Given data »
---*---

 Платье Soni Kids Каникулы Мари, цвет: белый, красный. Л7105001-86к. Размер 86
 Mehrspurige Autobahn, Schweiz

---*---

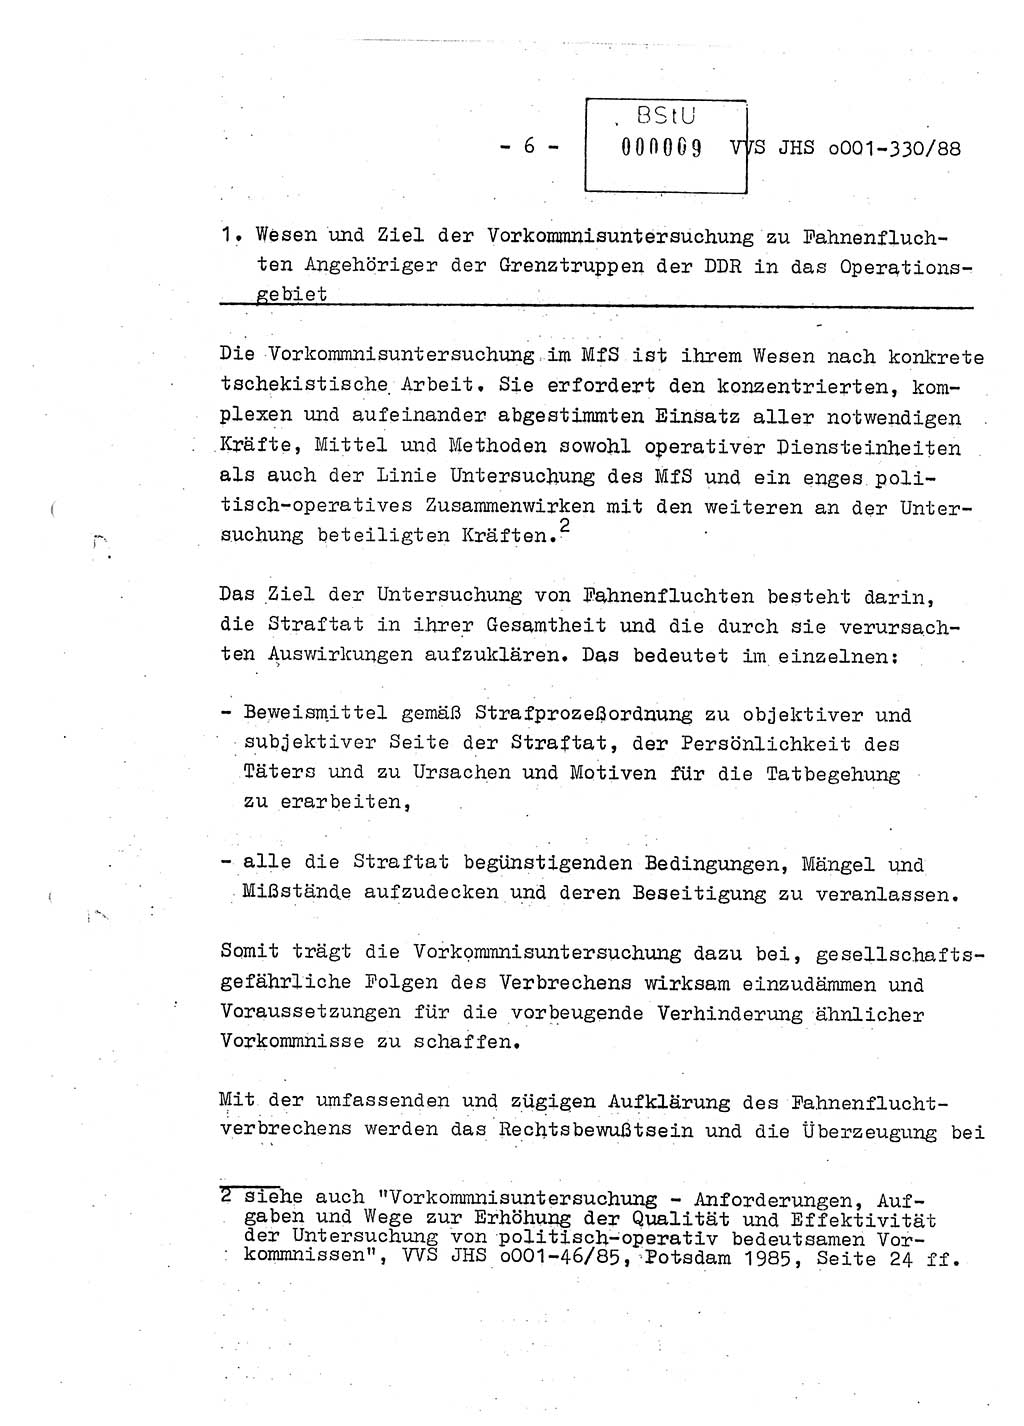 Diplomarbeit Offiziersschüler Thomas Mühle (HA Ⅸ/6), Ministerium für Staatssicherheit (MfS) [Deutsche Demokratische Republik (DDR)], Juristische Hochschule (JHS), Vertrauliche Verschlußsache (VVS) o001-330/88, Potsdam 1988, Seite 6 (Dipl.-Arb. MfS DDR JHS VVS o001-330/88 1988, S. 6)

---*---

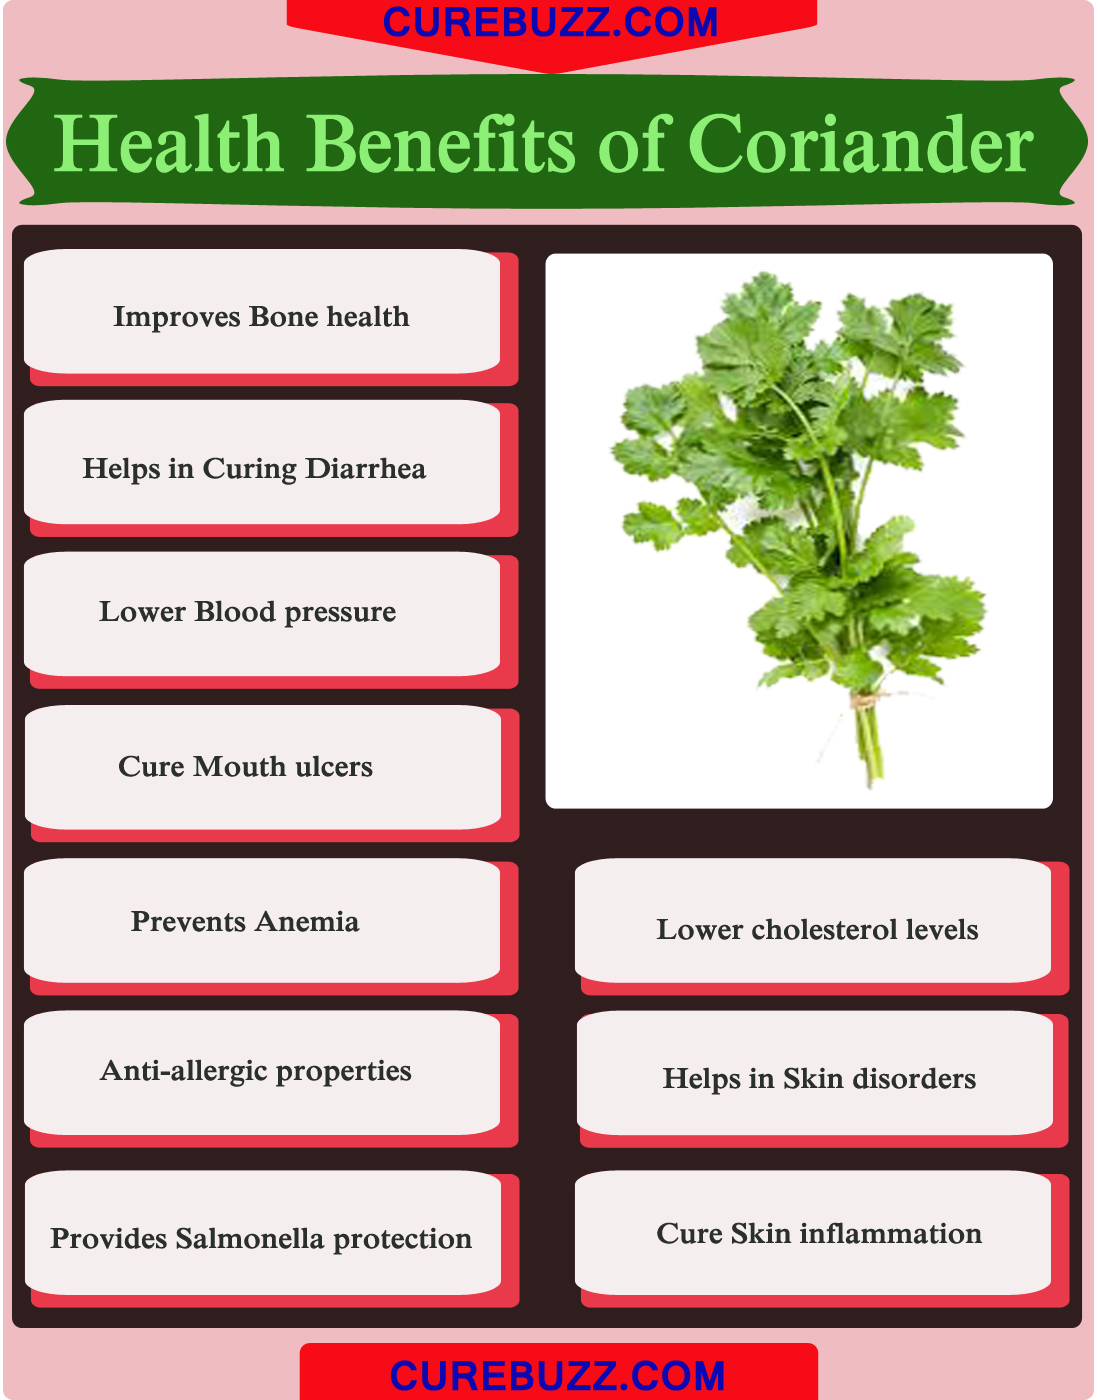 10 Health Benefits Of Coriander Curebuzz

---*---

Exercise aim » Here the output must be the lines above from the line with "Платье Soni Kids" to the line with "Mehrspurige Autobahn, Schweiz", both included, duplicated word for word and nothing else.

Output of the exercise »
 Платье Soni Kids Каникулы Мари, цвет: белый, красный. Л7105001-86к. Размер 86
 Mehrspurige Autobahn, Schweiz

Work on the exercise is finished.